The most innovative feature of the palace included a stone, two-storey passageway that linked the Great Hall and the chapel. This enclosed, fenestrated gallery extended 200 feet long (24.4 metres), and successfully combined utilitarian and recreational uses with magnificence. From the north side, guests could watch jousts and other court events; on the south side, they could enjoy a fine view of the river Thames. The gallery also provided a pleasant place for exercise in inclement weather. Confirmation of Richmond’s exceptional magnificence exists from a guest at the wedding of Katherine of Aragon and Henry’s eldest son, Prince Arthur, who described Richmond’s “commodious” galleries with their many windows on each side of the court. Contemporary chroniclers also described the palace’s exotic gardens, fountains, sculptures, and tapestries, most notably a series depicting the Trojan War. 

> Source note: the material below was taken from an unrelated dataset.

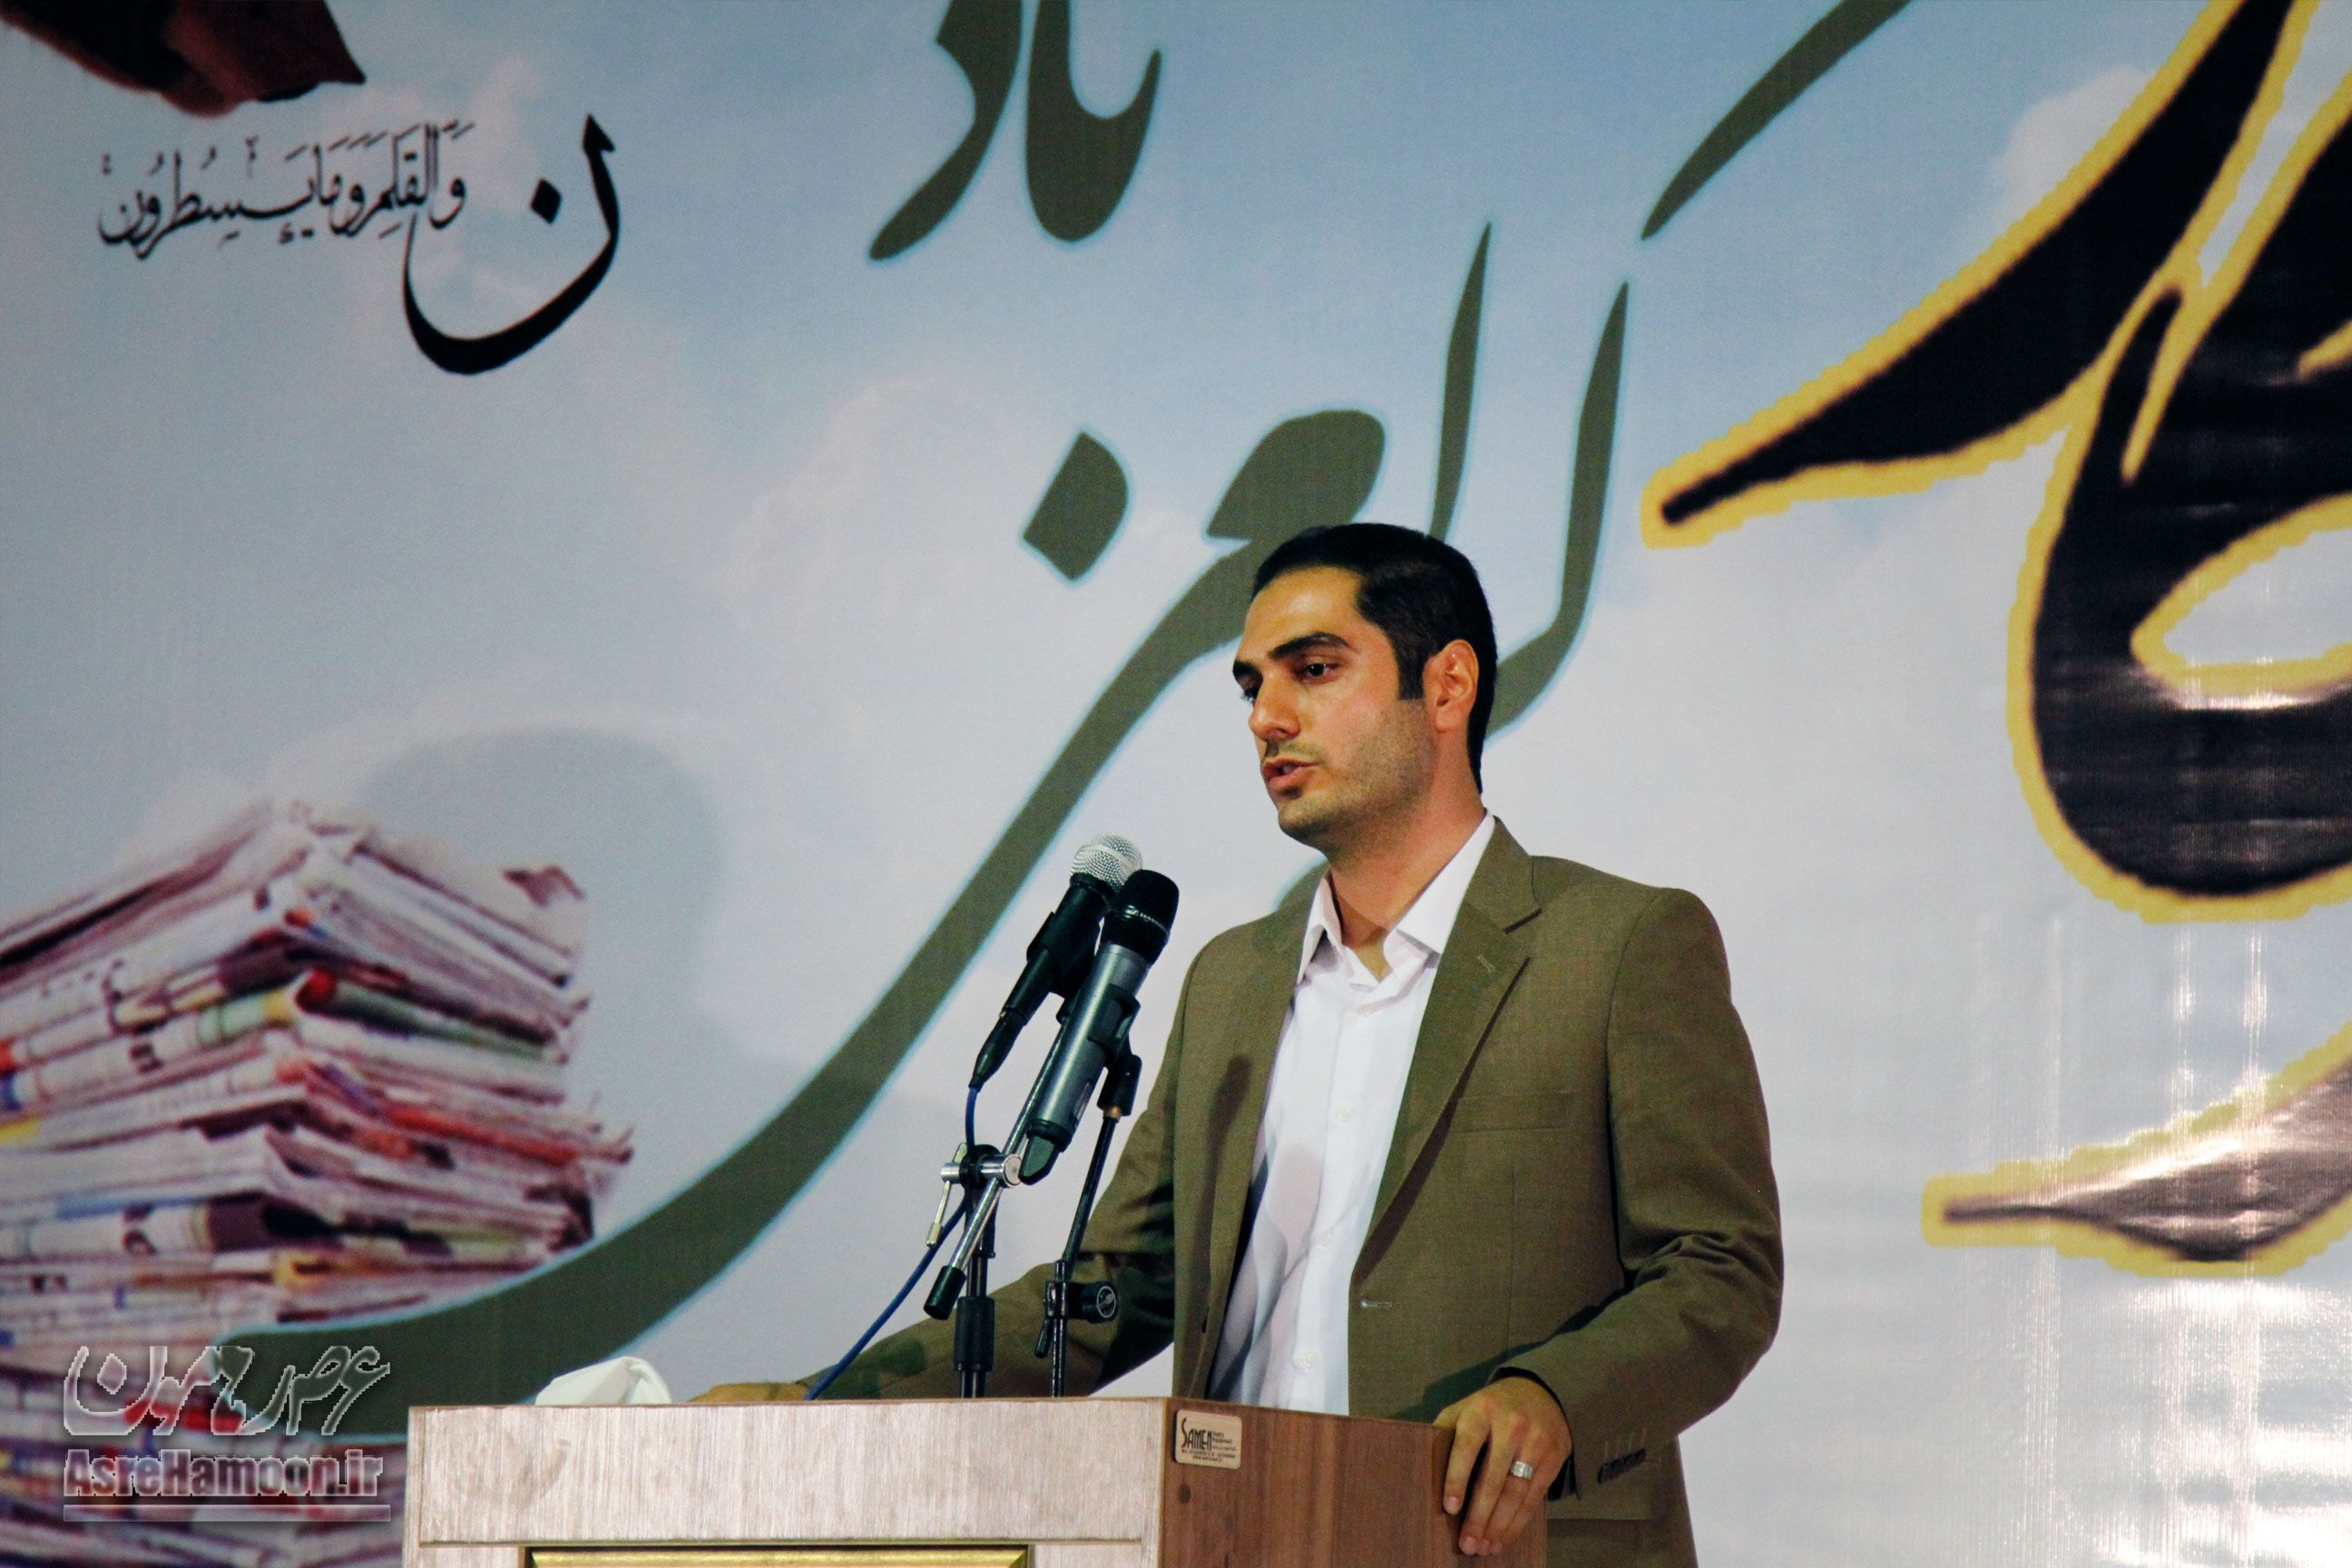 آرشام هنرکار - قائم مقام خانه مطبوعات سیستان و بلوچستان - آیین تجلیل از خبرنگاران زاهدان

Henry VII and his son, Henry VIII, would replicate Richmond’s double-storey, multi-purpose galleries at other royal residences, such as Bridewell, Hampton Court, and Nonsuch. Although Richmond now represents the end of an era, the palace boasted all of the most up-to-date conveniences and innovations which set the trend for English palatial living for the next 30 years.
Source: Sara N. James, Art in England: The Saxons to the Tudors: 600-1600 (2016)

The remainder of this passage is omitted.